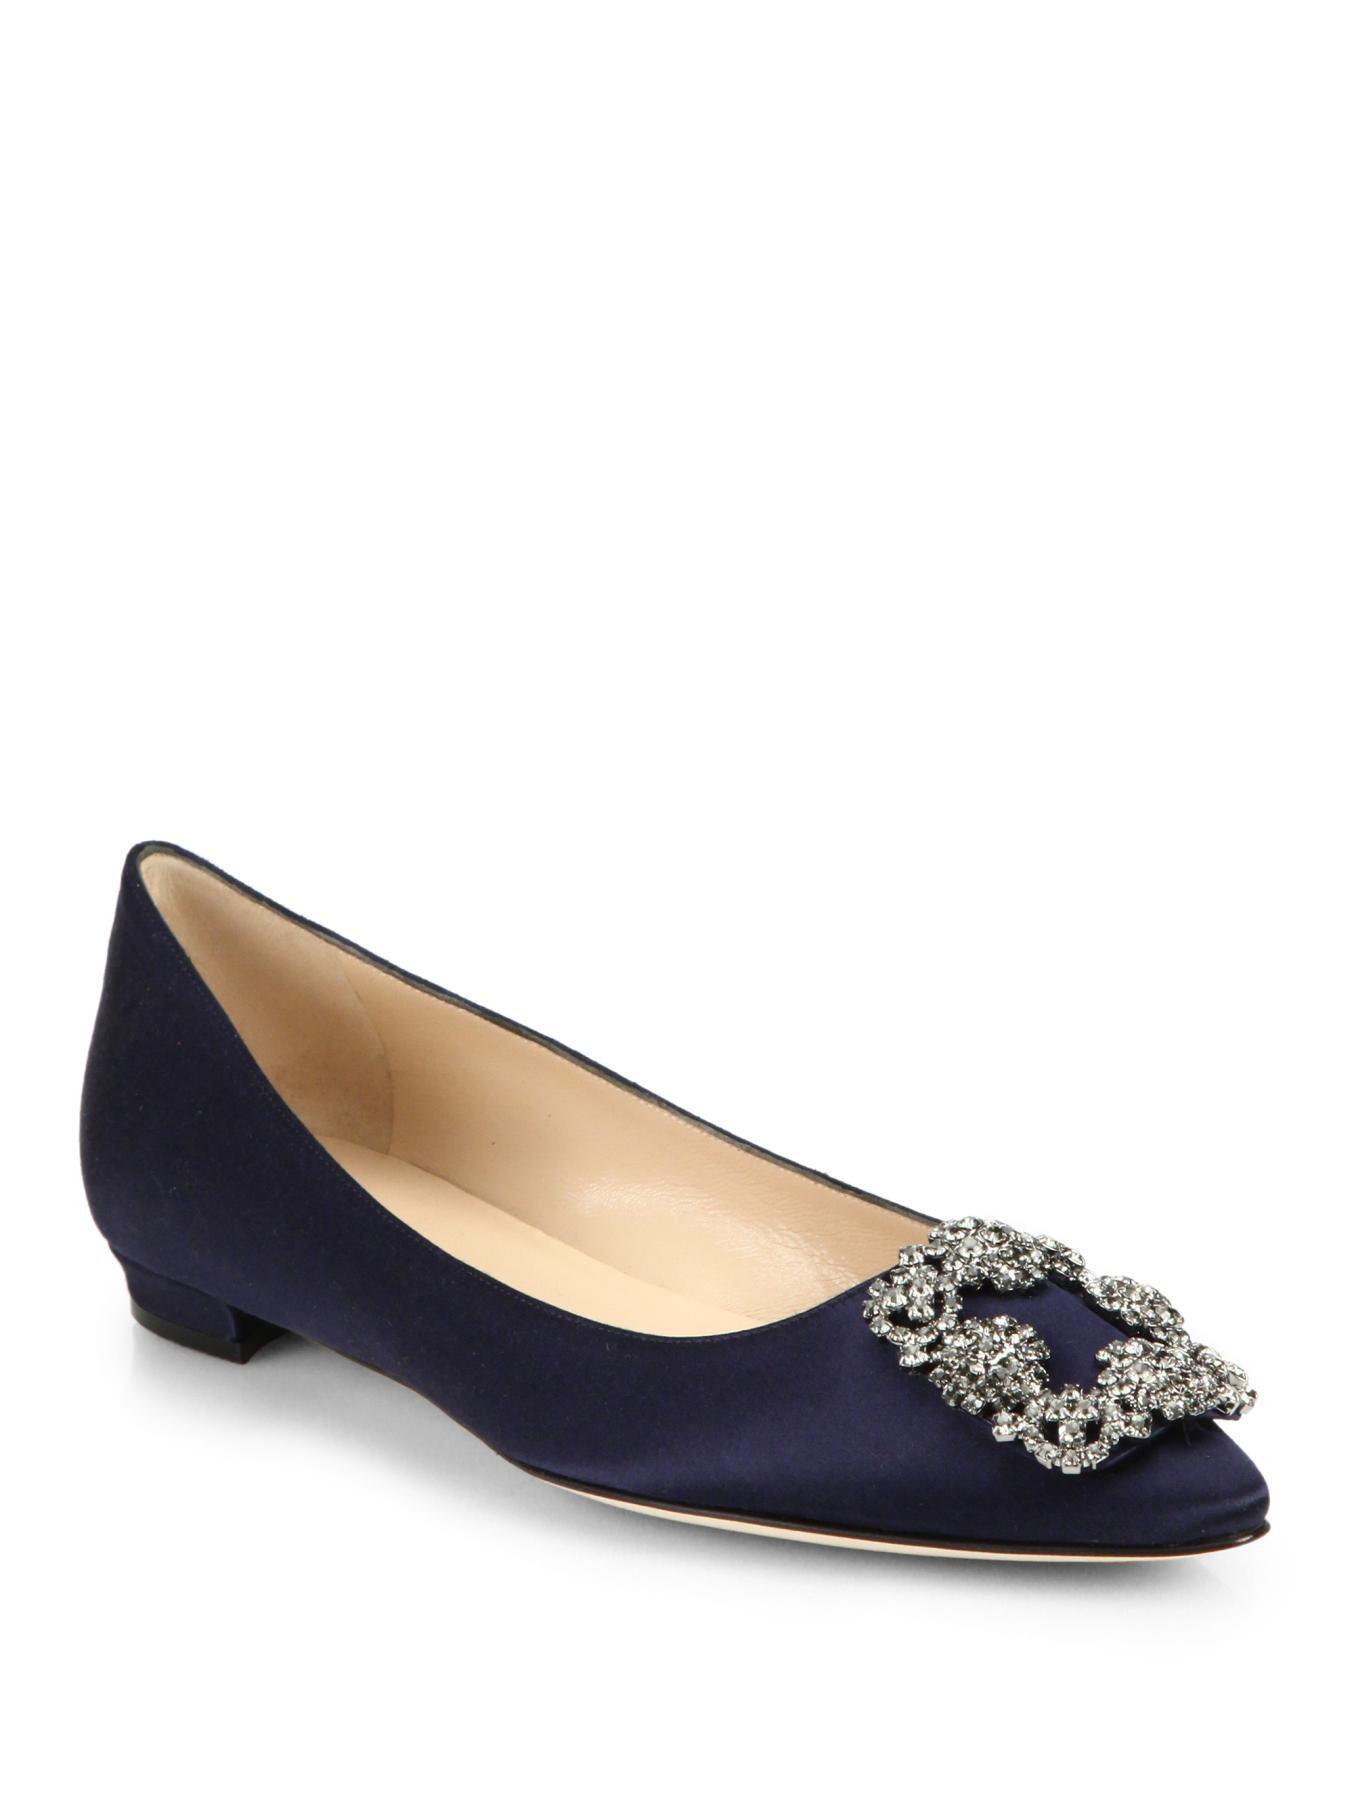 Bally Shoes Flats
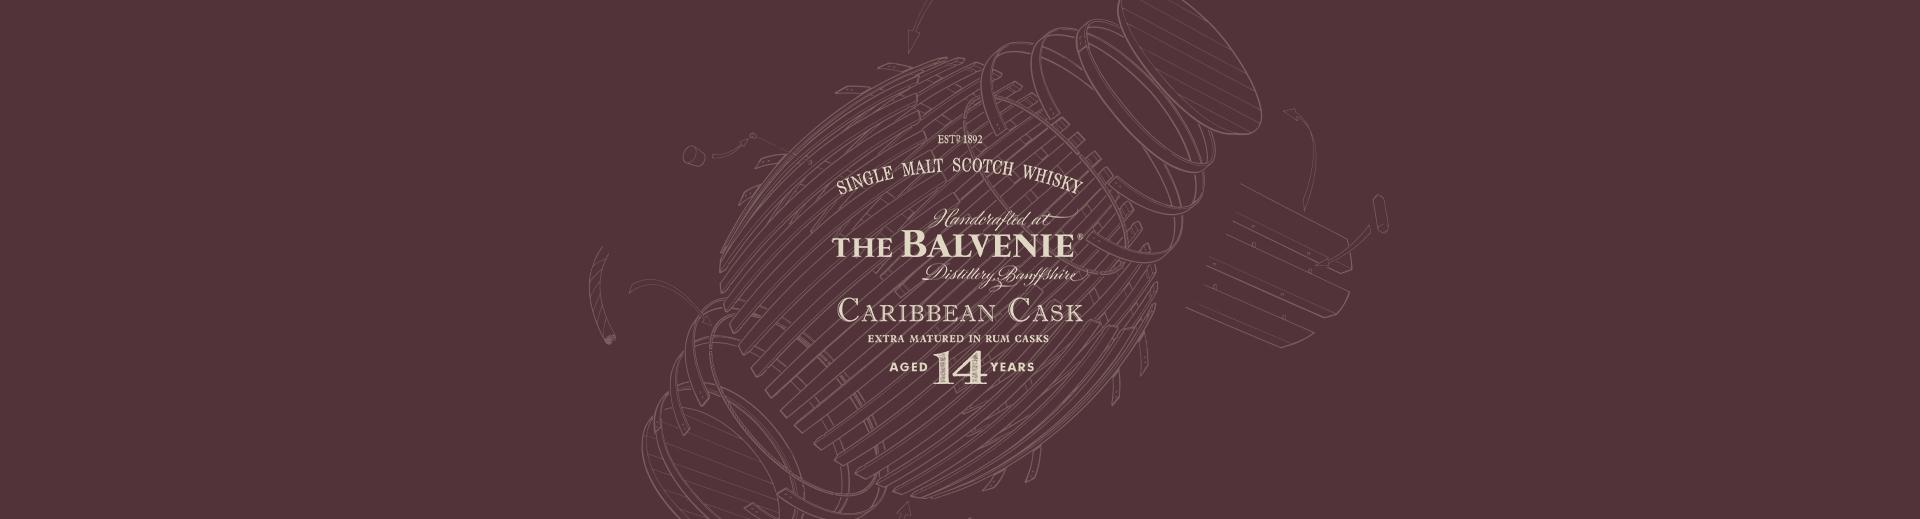 The Balvenie
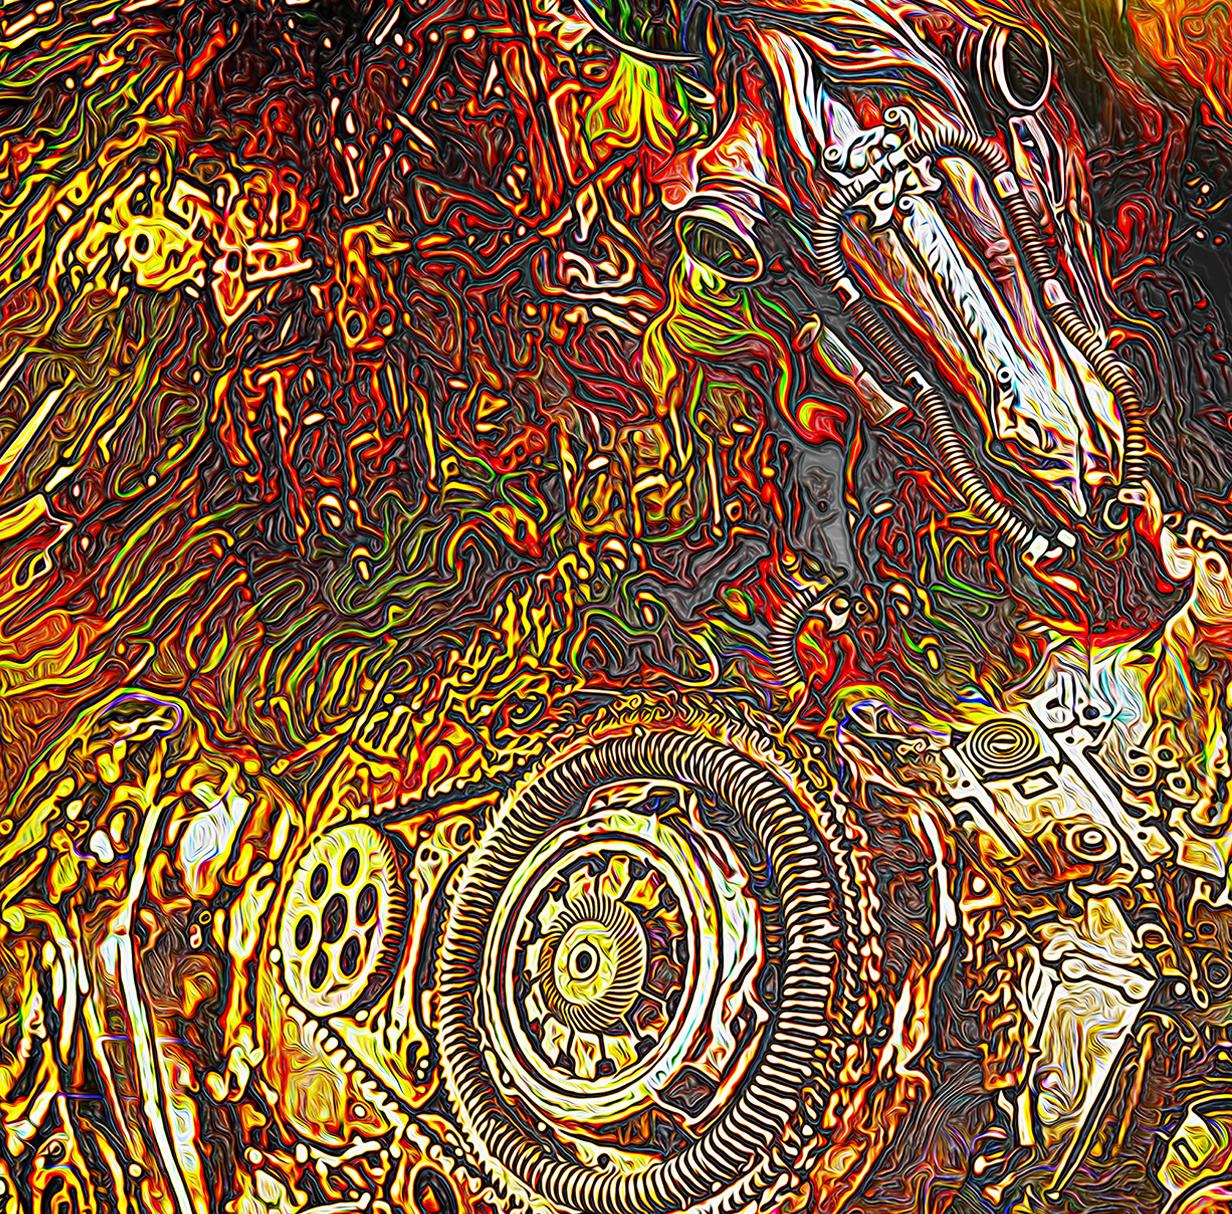 Golden Pegasus by Gordon Coldwell

§ How to complete this task
Give an exact copy of the listing, without its pictures.

§ Response area
 Bally Shoes Flats
 The Balvenie
 Golden Pegasus by Gordon Coldwell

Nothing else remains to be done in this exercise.